В этом смысле ничего не изменилось. Кроме того, что в новых стихах некоторые нечетные строки изменяют большой букве. Появилось ё вместо е. Столбик порой деформируется, четкая строфика и пунктуация не всегда обязательны. И вообще, кажется, в новом тысячелетии Гандлевскому стал тесен метрический канон, ровный размер расшатывается временем “сукомольцев и прочей шпаны”. (Я не нашел у Даля сих “сукомольцев”, но поверил поэту на слово).
Это чужое время. “И глаза бы мои не глядели, как время мое / Через силу идет в коллективное небытие. / Обездолят, вконец раскулачат — и точка”. Здесь он, заметим, придерживается прописной. Как за ствол дерева держится.
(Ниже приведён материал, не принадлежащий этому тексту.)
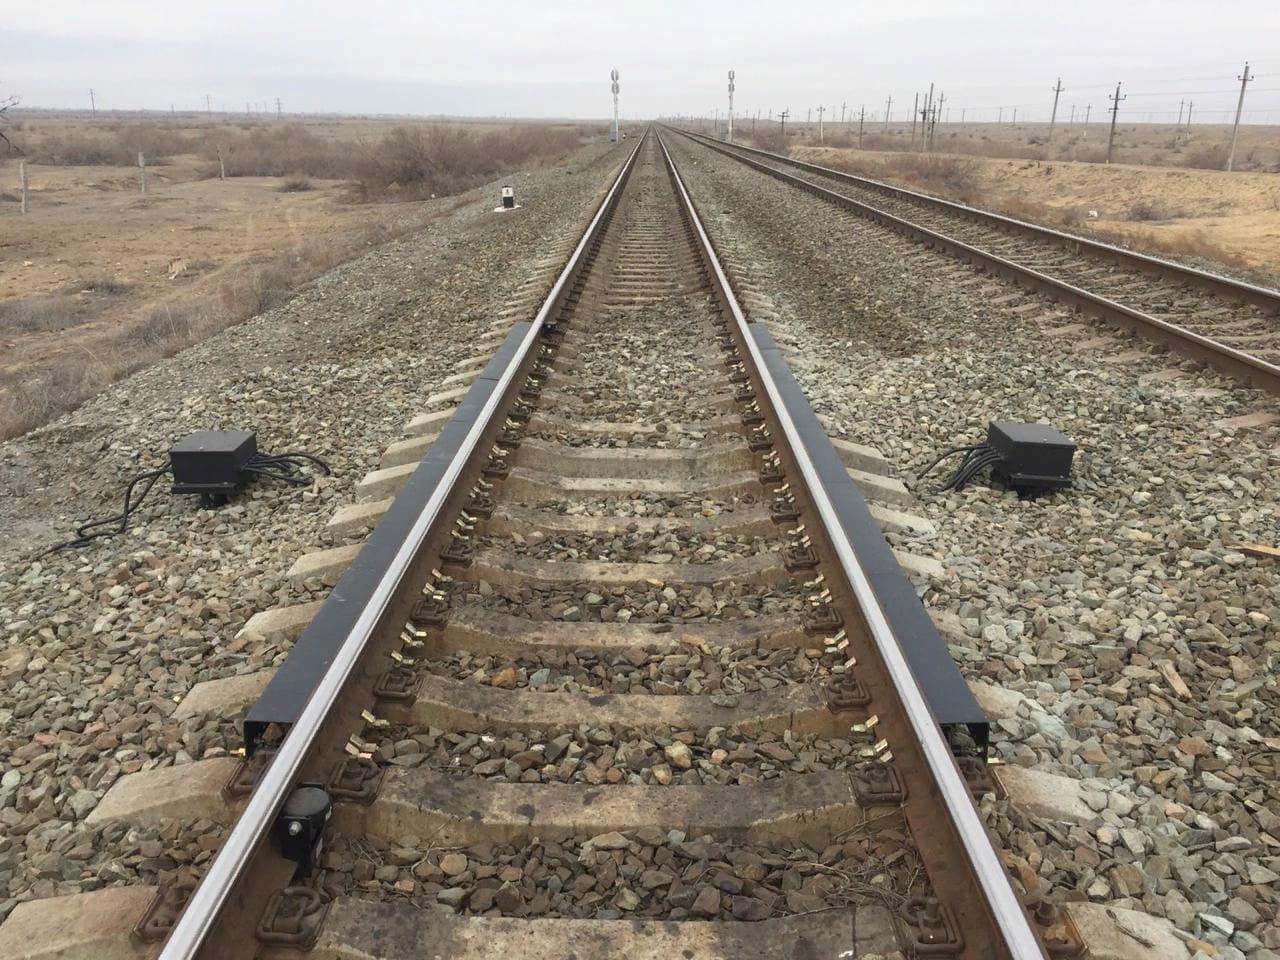 Новое диагностическое оборудование способствует повышению безопасности движения поездов в Астраханском регионе ПривЖД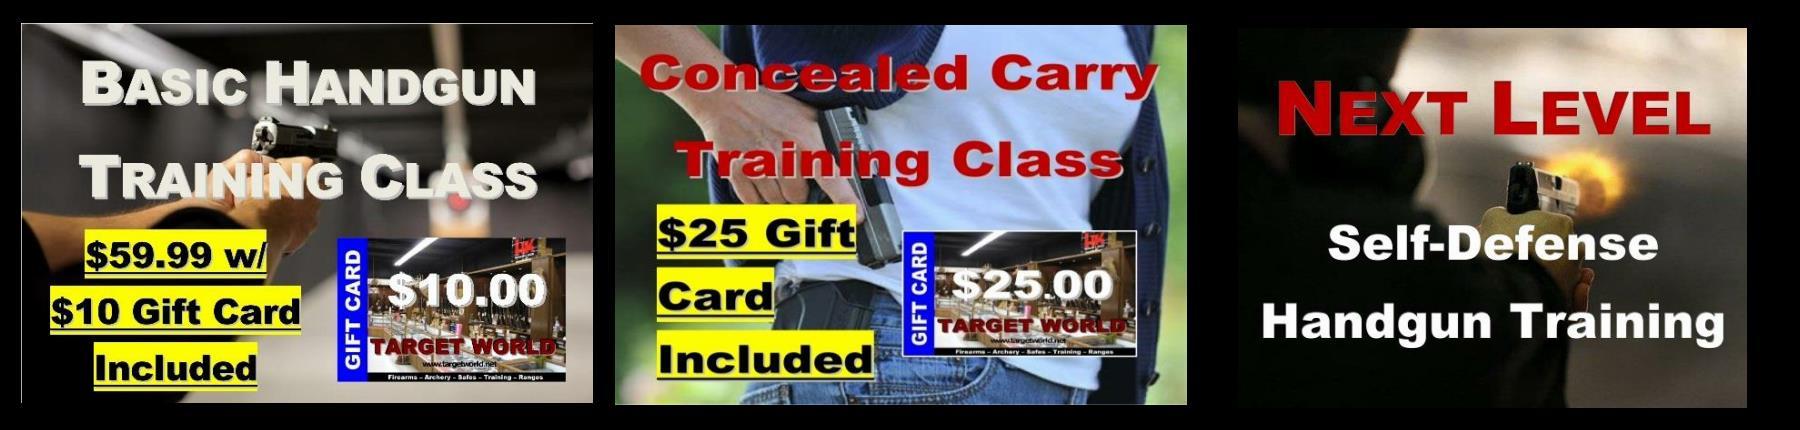 Training Slider (with Gift Cards) v2

Есть ли что раскулачивать? Иными словами, как насчет вечных и личных ценностей? Вопрос риторический. Основы прежние. Детство да молодость. Все, что входит в эти понятия. Самое простое: любовь, дружба, родители, поэзия, отечество… И оно? Да. “Для отечества нет посторонних, / Нет, и все тут…”. Тут поэт борется с Богом, проще говоря — с учителем. “Учитель, не учи”. Напоминаю мандельштамовскую самоаттестацию: “отщепенец в народной семье”.
Четверть века назад, в 84-м, сказав “нет посторонних”, Гандлевский отвечает на отъездные соблазны той поры, для него, похоже, нет вопроса, где ему быть — там или здесь? “Нет, и все тут”. Проблема отщепенства снята. По крайней мере, для себя. Правда, картина кровной принадлежности отечеству выглядит так: “Пруд, покрытый гусиною кожей, / Семафор через силу горит, / Сеет дождь, и небритый прохожий / Сам с собой на ходу говорит”. Все это — дальний вид из-за колючей проволоки зоны.
Где-то тогда же для Гандлевского начался “вокзал в провинции”, поначалу такой: “Наша станция как на ладони. / Шепелявит свое водосток. / О разлуке поют на перроне. / Хулиганов везут на восток”, — вокзал, очень, кстати, похожий на вокзал того же Осипа: “Далеко теперь та стоянка, / Тот с водой кипяченой бак, / На цепочке кружка-жестянка / И глаза застилавший мрак”. Но есть существенная разница. Мандельштам со своего вокзала “без пропуска в Кремль вошел”. Мы знаем, в какой Кремль он вошел. Гандлевский тоже хорошо это знает. Ему такие сны не снятся. Вокзал оказался вещью вечной, в некоторой мере вечной ценностью, пронизав чуть не целиком и полностью его “Некоторые стихотворения”. В принципе, на русской железной дороге ничего не меняется: “Пусть пройдет вдоль вагона с жестокой зевотой / Милицейский патруль”.
Но вот заявлено же с самого начала: “Отгоревать и не проклясть!” (1973). Отгоревать не получается, вряд ли получится, но и проклятий нет и не будет. При всем врожденном максимализме этот поэт не склонен к решениям истерически крайним и бесповоротным. В юности он имел дело с такими девочками, как провинциалка-душа и длинноногая муза, обе они состарились уже тогда, и те возрастные кульбиты были столь же неподдельно реальным ощущением, сколь данью неистребимому романтизму отечественного строя поэзии.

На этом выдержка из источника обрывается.